I would think that if you’re truly uncomfortable giving a stranger your phone, there could always be some sort of compromise. Put your phone in a backpack that you can’t access during the match or something like that. Just don’t bring your phone.

Idk, there are options.

I would be extremely uncomfortable giving my phone to someone I didn't know - it's a quite expensive device that could be easily lost, stolen or accidentally damaged.  I also don't think that "don't bring your phone" is in any way a realistic option these days.

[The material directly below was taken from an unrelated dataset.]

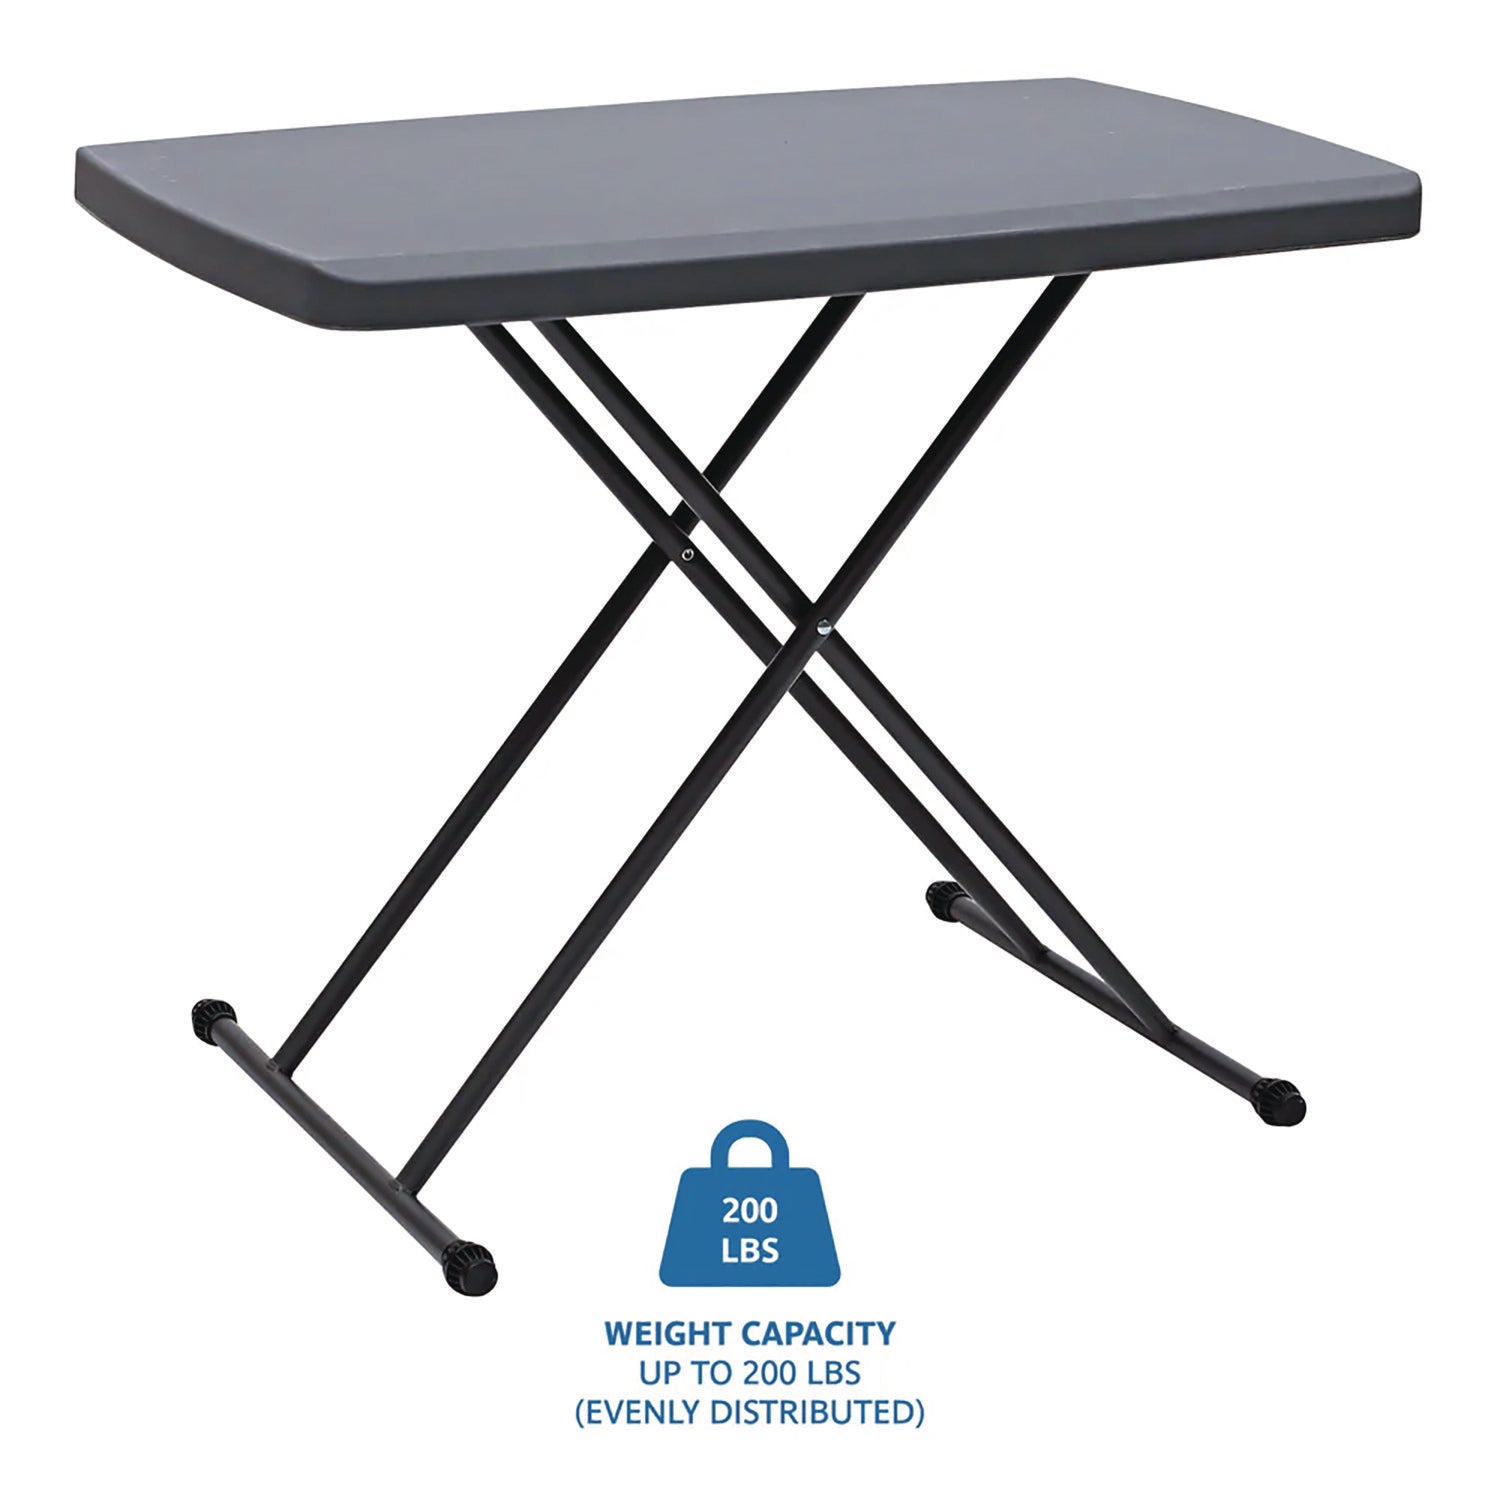 IndestrucTable Classic Personal Folding Table, 30" x 20" x 25" to 28", Charcoal - 4
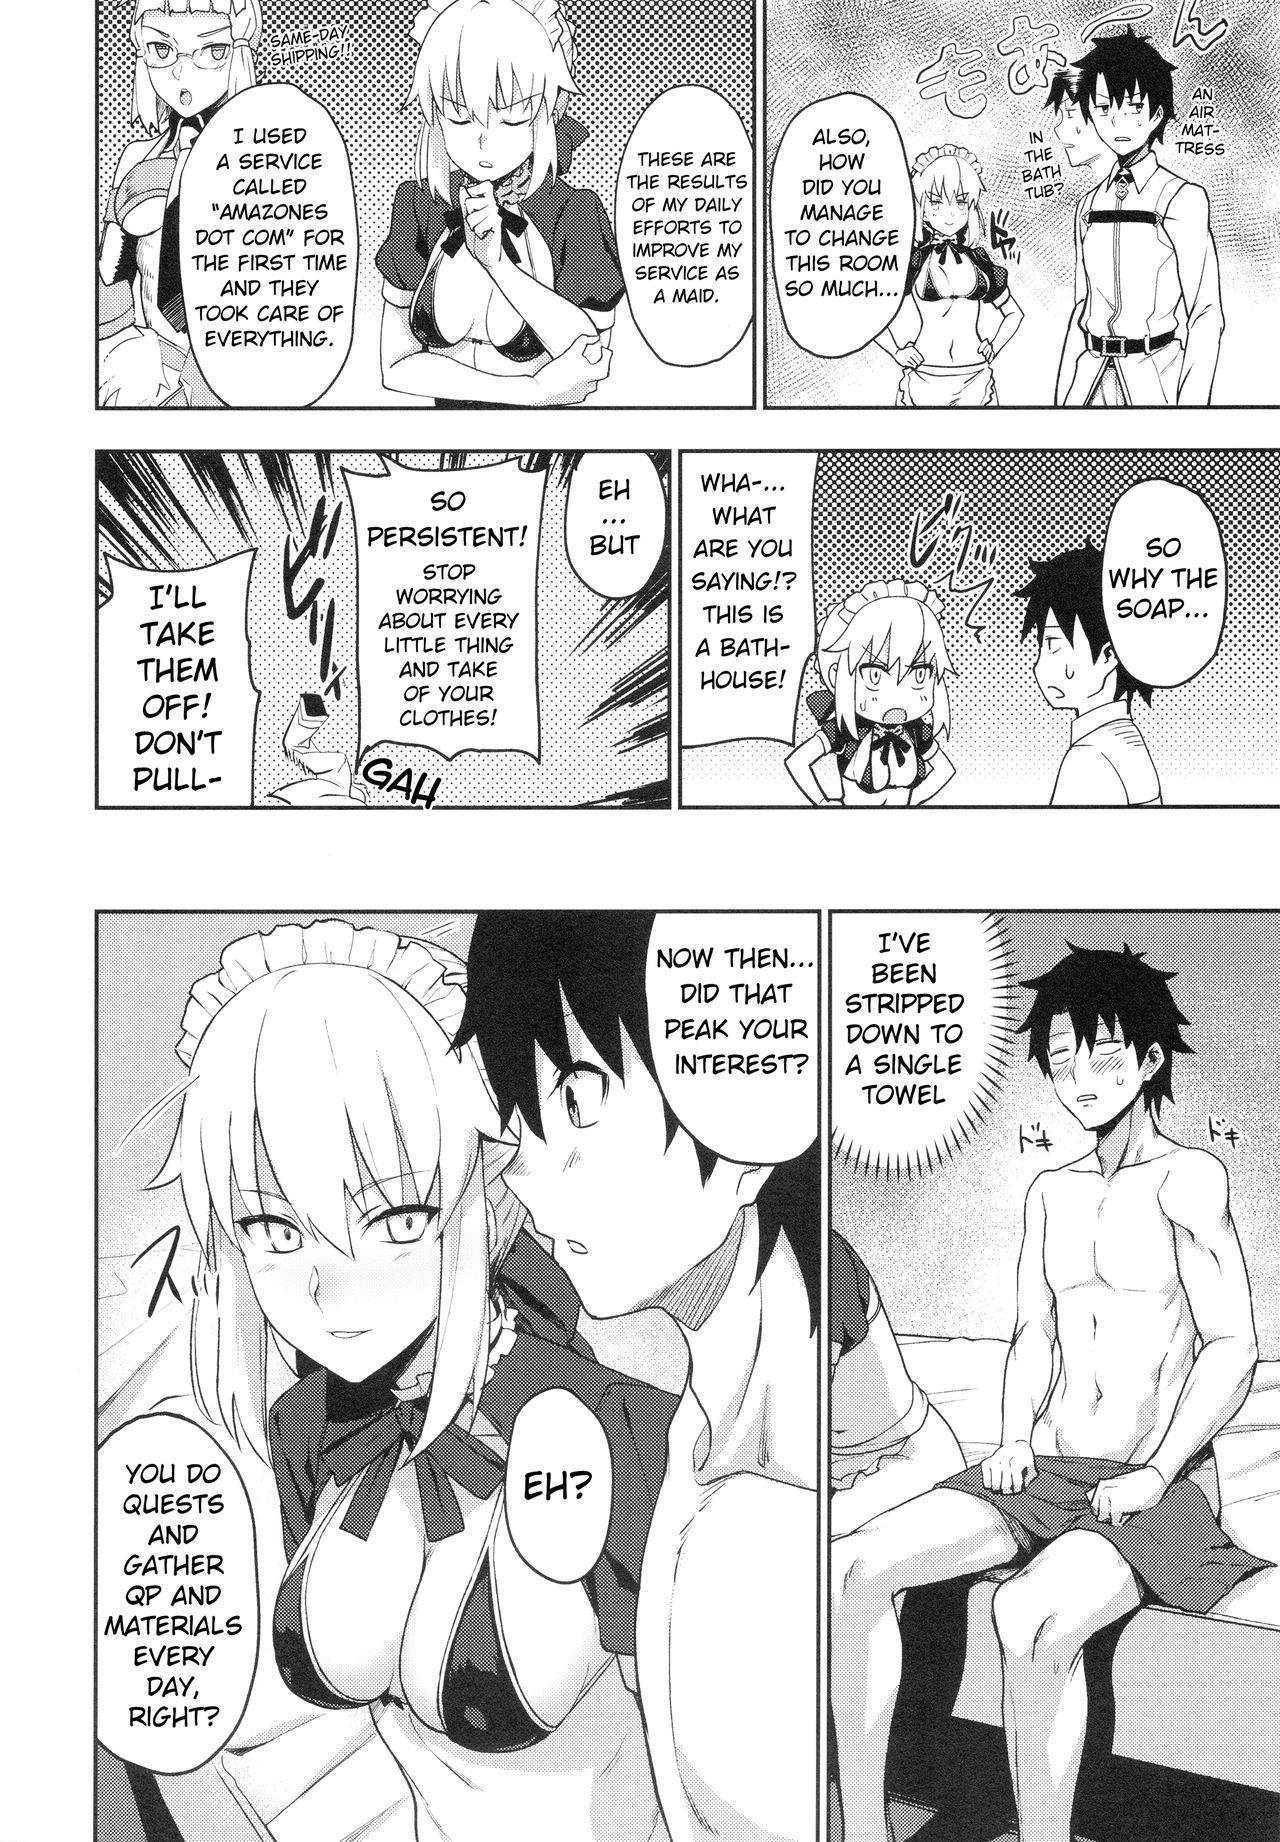 Licking Pussy Chaldea Soap SSS-kyuu Gohoushi Maid - Fate grand order Fucked Hard - Page 4

Realistically, what are the odds of someone cheating?  You need to weigh that up against any preventative measures you might be taking.  If people are aiming to cheat, they're vastly more likely to do it via weighted dice, slightly manipulated templates, or stacked damage decks than relying on getting on stream and then having a buddy maybe be able to make out tiny details like what move has been dialled in and text that across in a reasonable timeframe.  If you're worried about that kind of thing, it should be pretty easy to set a 30 second delay on a stream that would completely counter any shenanigans like that.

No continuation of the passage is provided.